1. **Natively Resolution-Aware**: Ovis2.5 uses the NaViT visual encoder, which retains fine details and global structure of images without tiling loss, ensuring high-quality visual processing capabilities.

2. **Deep Reasoning Capabilities**: The model supports an optional "thinking mode," possibly partially reusing technical features from Alibaba's Qwen3. In addition to linear thinking chain (CoT) reasoning, Ovis2.5 can perform self-checking and revision, and supports configurable thinking budgets to improve the accuracy of problem-solving.

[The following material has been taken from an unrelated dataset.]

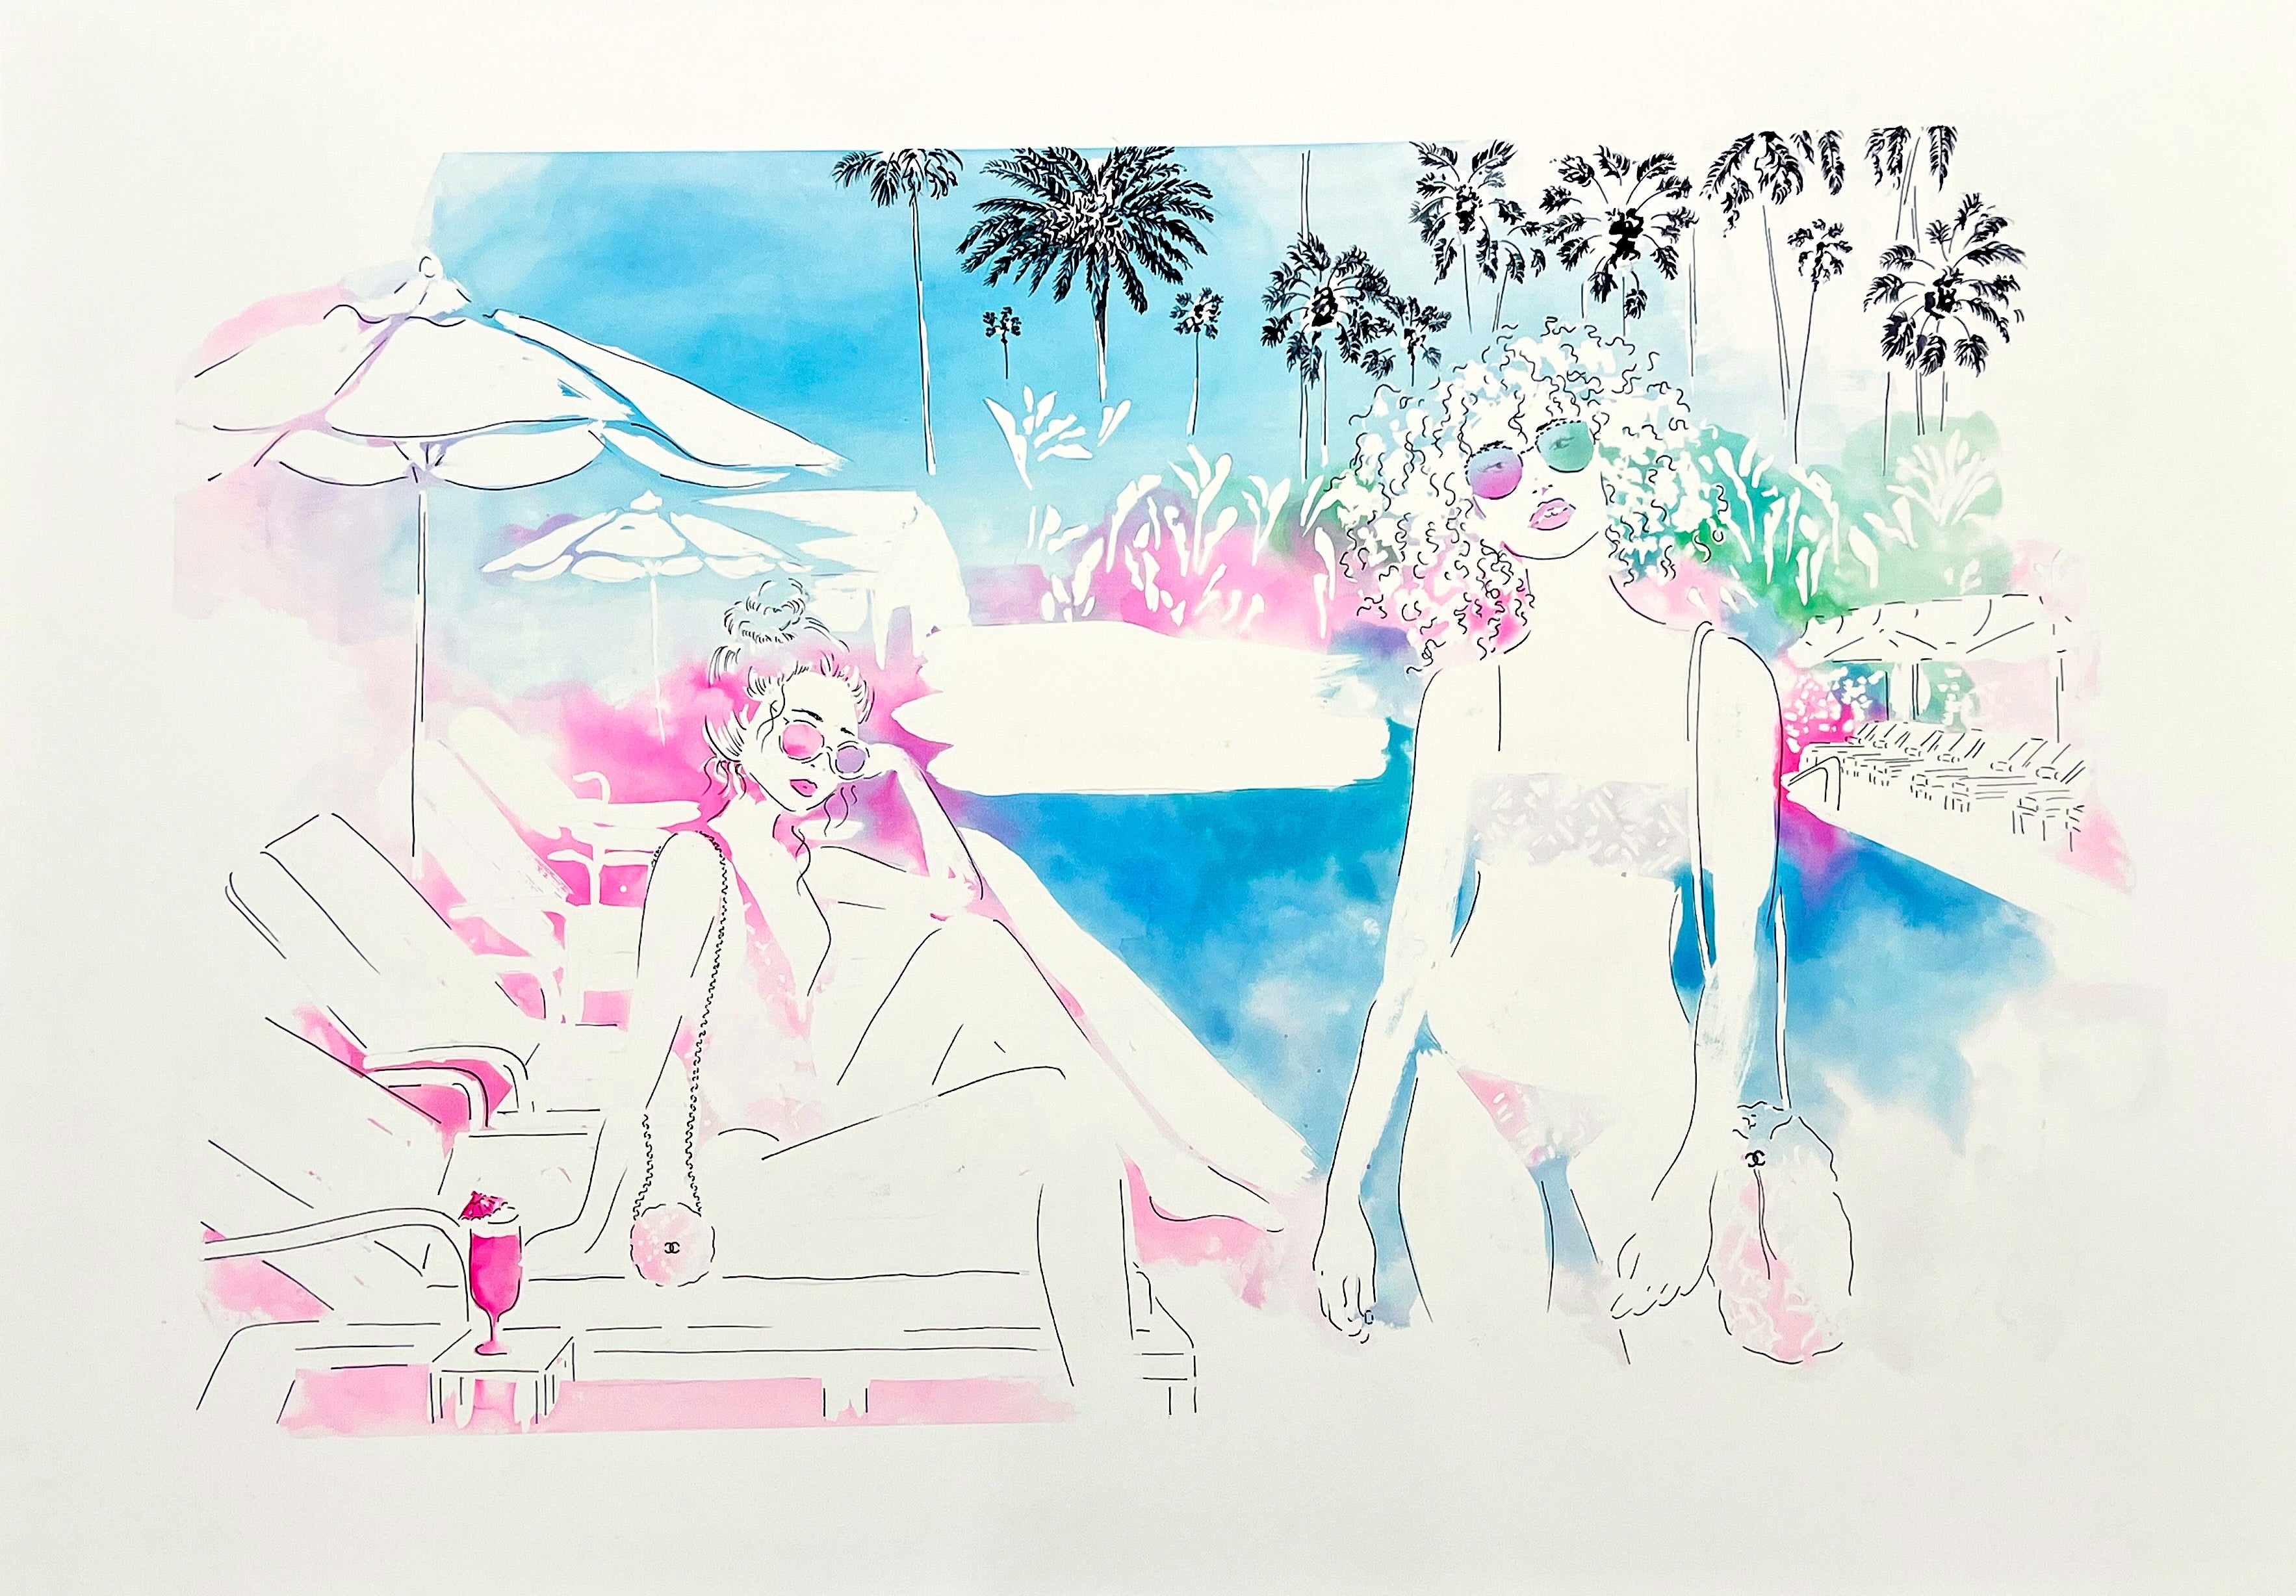 Retrouvez toutes les oeuvres de l'illustratrice Vicki Louise Ward chez Acid Gallery, galerie d'art contemporain dans le Vieux-Lille | Los Angeles collection Aquarelle 70X100

3. **Leading Chart and Document OCR**: On both 9B and 2B scales, Ovis2.5 achieves industry-leading levels in complex chart analysis, document understanding (including tables and forms), and optical character recognition (OCR), providing strong support for real-world application scenarios.

4. **Broad Task Coverage**: The model performs well in image reasoning, video understanding, and visual localization benchmark tests, demonstrating strong general multimodal capabilities.

The release of Ovis2.5 highlights AIDC-AI's continuous innovation in the field of multimodal AI technology. By achieving high performance within a compact model size, Ovis2.5 provides developers and enterprises with an efficient and easy-to-deploy solution, particularly suitable for scenarios that require the integration of visual and text reasoning. The model is open-sourced on platforms such as GitHub and Hugging Face, further promoting collaboration and innovation within the global AI community.

This release marks another significant advancement by AIDC-AI based on the Ovis series of models, injecting new vitality into the development of multimodal large language models.